На то, чтобы переварить все это, мне требовались часы, а то и дни, и, мгновенно забыв про тетю Валери, я вновь погрузился в созерцание дождя, железного карниза и рынка с молочно белевшими, как большущий глаз, часами; но сквозь все это, будто сквозь филигрань, мне более или менее отчетливо представлялись другие картины: чахоточный Альбер, с его сидевшим в тюрьме отцом, анархисты, Феррер, рабочие, которые перерезают сухожилия лошадям…
Мне случалось подолгу так забываться, а потом я, вздрогнув, просыпался. На этот раз от моих грез меня оторвал тетин голос. Она сунула руку себе под юбку и извлекла мелочь.
— На!.. Сходи возьми мне журнал, все расхватывают, читают…
Я посмотрел на площадь; вокруг киоска толпились люди, показывая друг другу иллюстрированный журнал. Я бегом спустился вниз.
— Куда ты? — забеспокоилась матушка.
— Купить журнал тете Валери.
Насколько я помню, это был «Пти журналь иллюстре». На цветной обложке фотография остриженного бобриком усатого мужчины с темными глазами. «Анархист Феррер».
А на тыльной стороне другая цветная картинка: какой-то двор, стена, стоящий человек с завязанными глазами и солдаты, вскинувшие ружья. «Казнь Феррера».
Это меня потрясло. Я поднял голову: Альбер смотрел на меня, смешно приплюснув нос к стеклу. Я почувствовал, что он мне завидует; может, тому, что я на улице с непокрытой головой под дождем, а может, тому, что у меня в руках иллюстрированный журнал.
— Одним меньше, и то неплохо! — немного погодя с удовлетворением провозгласила тетя. — Пойди принеси очки. Когда прибудет «Пти паризьен», не забудь мне купить…
Как удавалось это матушке, не представляю. Когда я утром в половине восьмого спускался вниз, полы в лавке и на кухне были вымыты, кофе сварен и стол накрыт. Каким чудом, никогда не теряя из вида прилавка, она ухитрялась все закупать? Когда чистила картошку и ставила варить суп?
И всегда она была опрятна, даже щеголевата, как выражался отец. Да еще каким-то образом успевала прогладить нижнее белье, заштопать мне чулки и даже сшить кое-что из одежды.
— Пойди спроси мать, когда же мы сядем за стол…
Туша тети Валери приходила в движение; чтобы спуститься по узкой кишке винтовой лестницы, ей требовалось добрых две минуты.
— А где сегодня пропадает твой муж?
— Он уехал в Пор-ан-Бессэн… Вернется поздно…
— Словом, ты его почти не видишь.
— Только вечерами… Что поделаешь, торговля…
Из-за той же торговли я часто пропускал занятия в школе и почти не помню, когда гулял с матушкой, — лавку открывали даже по воскресеньям.

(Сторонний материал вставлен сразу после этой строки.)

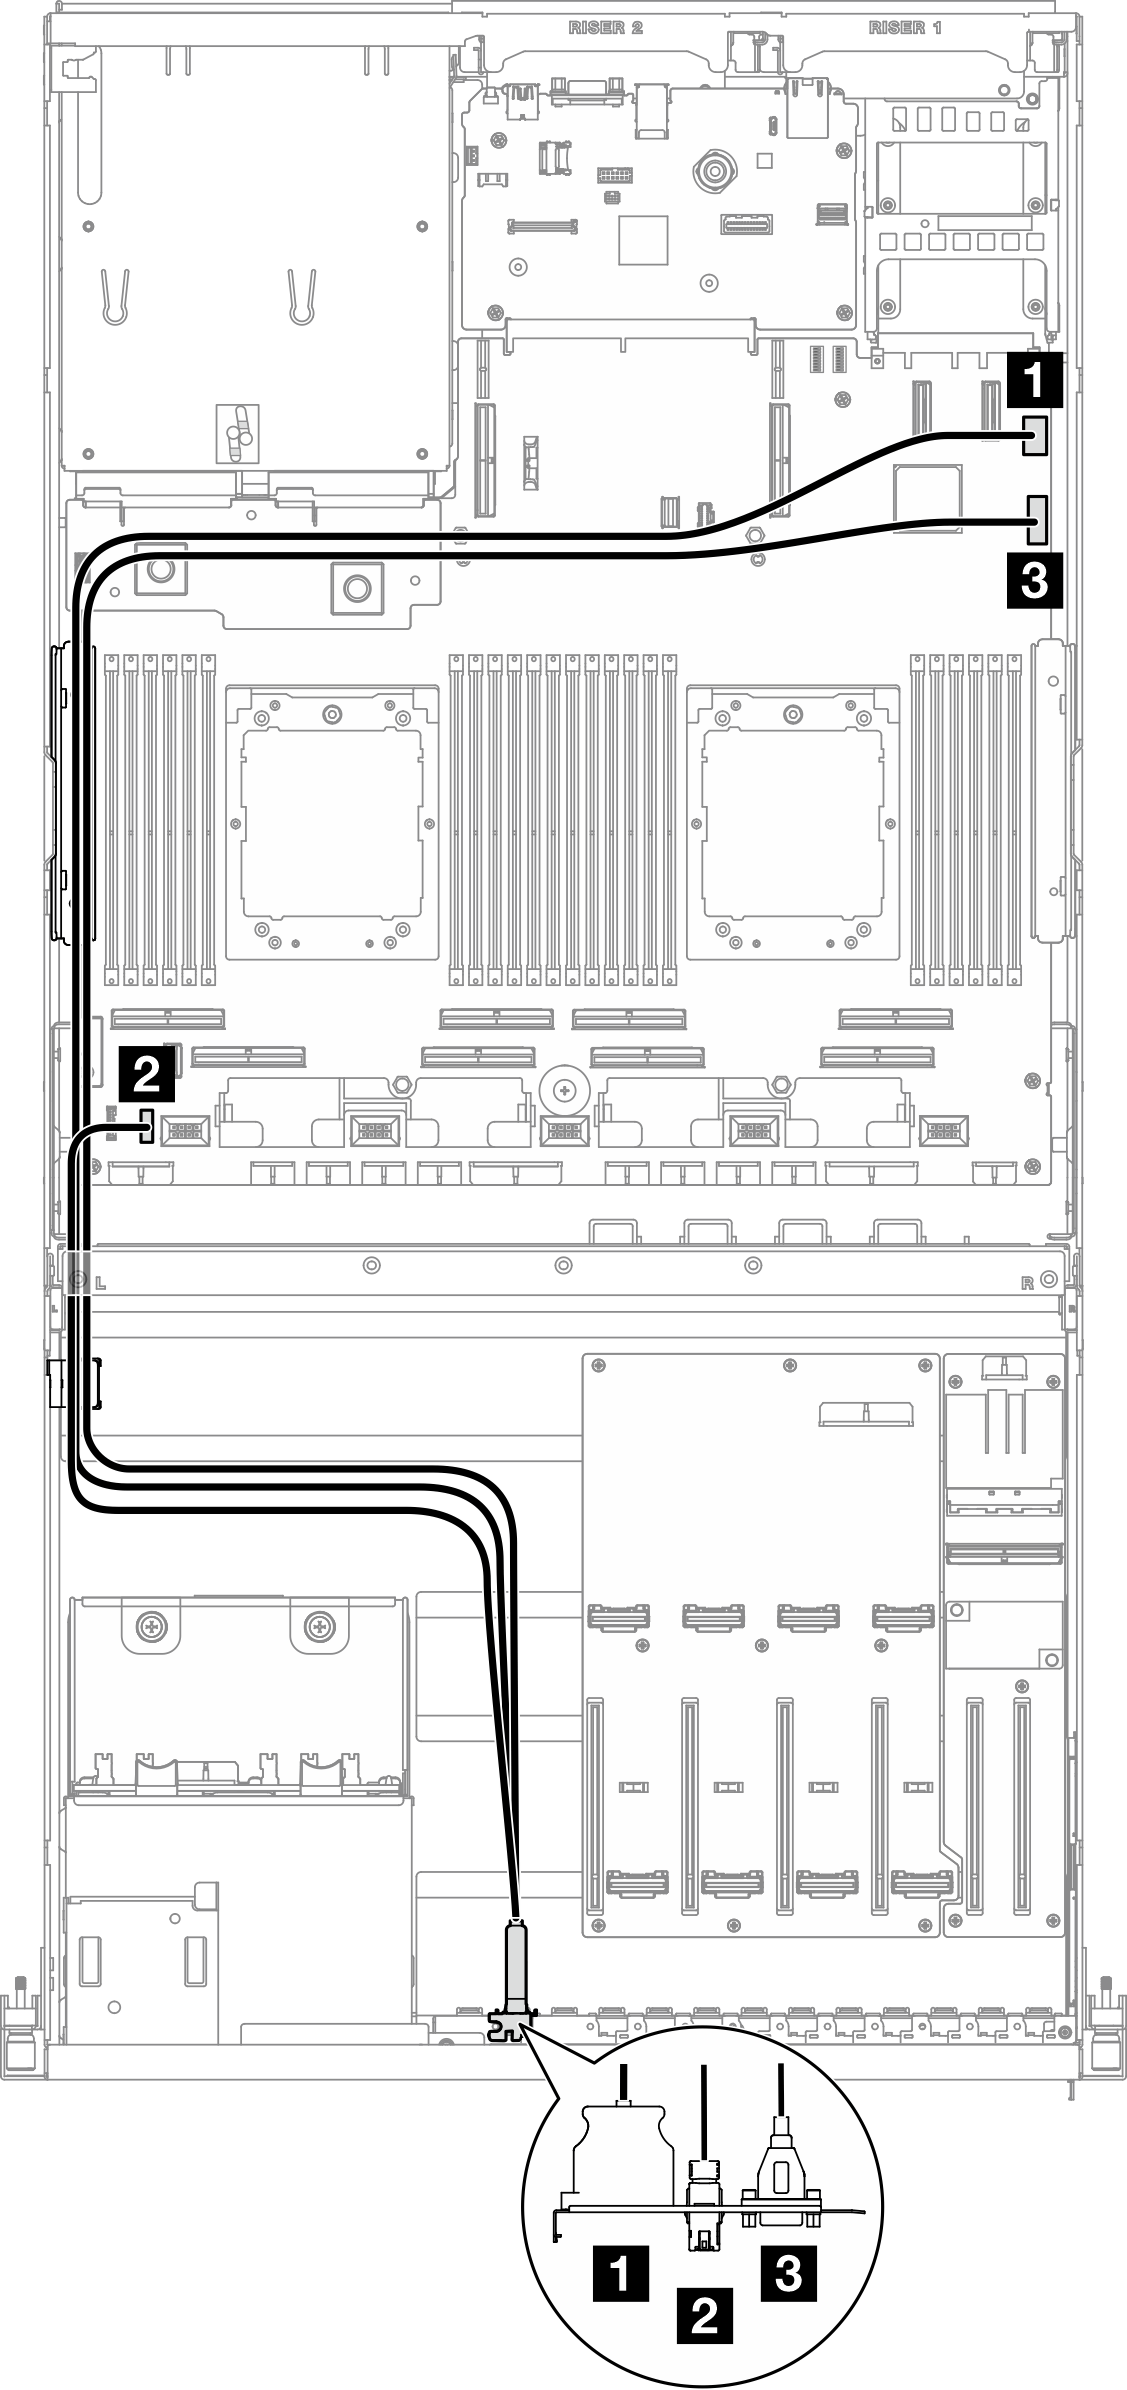 Cable routing for the front I/O module — 4-DW GPU モデル

Послеобеденные часы прошли без особых происшествий. Тетя Валери дремала в кресле, в комнате сгущались сумерки. Уборщики, одетые в робы, как моряки, мыли из шлангов рынок, а в три часа прошел фонарщик и зажег газовые фонари.

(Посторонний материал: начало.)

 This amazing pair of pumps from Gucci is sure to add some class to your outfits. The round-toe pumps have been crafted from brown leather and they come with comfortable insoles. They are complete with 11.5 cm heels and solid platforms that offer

Сквозь матовые стекла кафе Костара мне не видно было, что делается там внутри. Но я различал движущиеся силуэты, и мне показалось, что в тот день там больше народу, чем обычно. Время от времени дверь распахивалась, и на улицу, словно дожидаясь чего-то, выглядывал рабочий. Я понял, в чем дело, когда появился газетчик; человек купил у него целую пачку газет, а немного погодя до меня донеслись крики спорщиков у Костара.
— «Пти паризьен»… — внезапно проснувшись, напомнила тетя Валери.
Я помчался за газетой.
— Зажги свет, — приказала она.
— Матушка не велит мне…
Чтобы зажечь газ, надо было взобраться на табуретку.
— Так скажи ей, чтоб сама пришла зажечь.
В лавке были покупатели. Матушка все же пришла, но голова у нее была занята другим. Она даже не взглянула на нас. Прежде всего торговля! Я опять уселся у окна. Перед кафе Костара взад и вперед прогуливался полицейский.
— Читать ты хоть умеешь? — осведомилась тетя.
— Умею…
— Тогда прочти вот это.
— «За-бас-товки-на-Севере-при-ни-ма-ют-у-гро-жа-ю-щий…»
— Ты не можешь читать побыстрей?
— «…гро-жа-ю-щий-ха-рак-тер-на-место-прибыл-ми-ни-стр-вну-вну…»
— Внутренних дел! — нетерпеливо выкрикнула она.
— «Вну-трен-них-дел-жан-жан…»
Моя усатая тетя глядела на меня, как толстый паук, вероятно, глядит на запутавшуюся в его паутине беспомощную мошку.
— …дармерия!
— «…дар-ме-рия-а-та-ко-ва-ла-ма-ма-ни-фес-тан-тов…» — Я поднял голову. — Что это значит?
— Что жандармы погнали лошадей на манифестантов… Читай дальше… Поймешь…
— «На-счи-ты-ва-ет-ся-двенадцать-убитых-и…»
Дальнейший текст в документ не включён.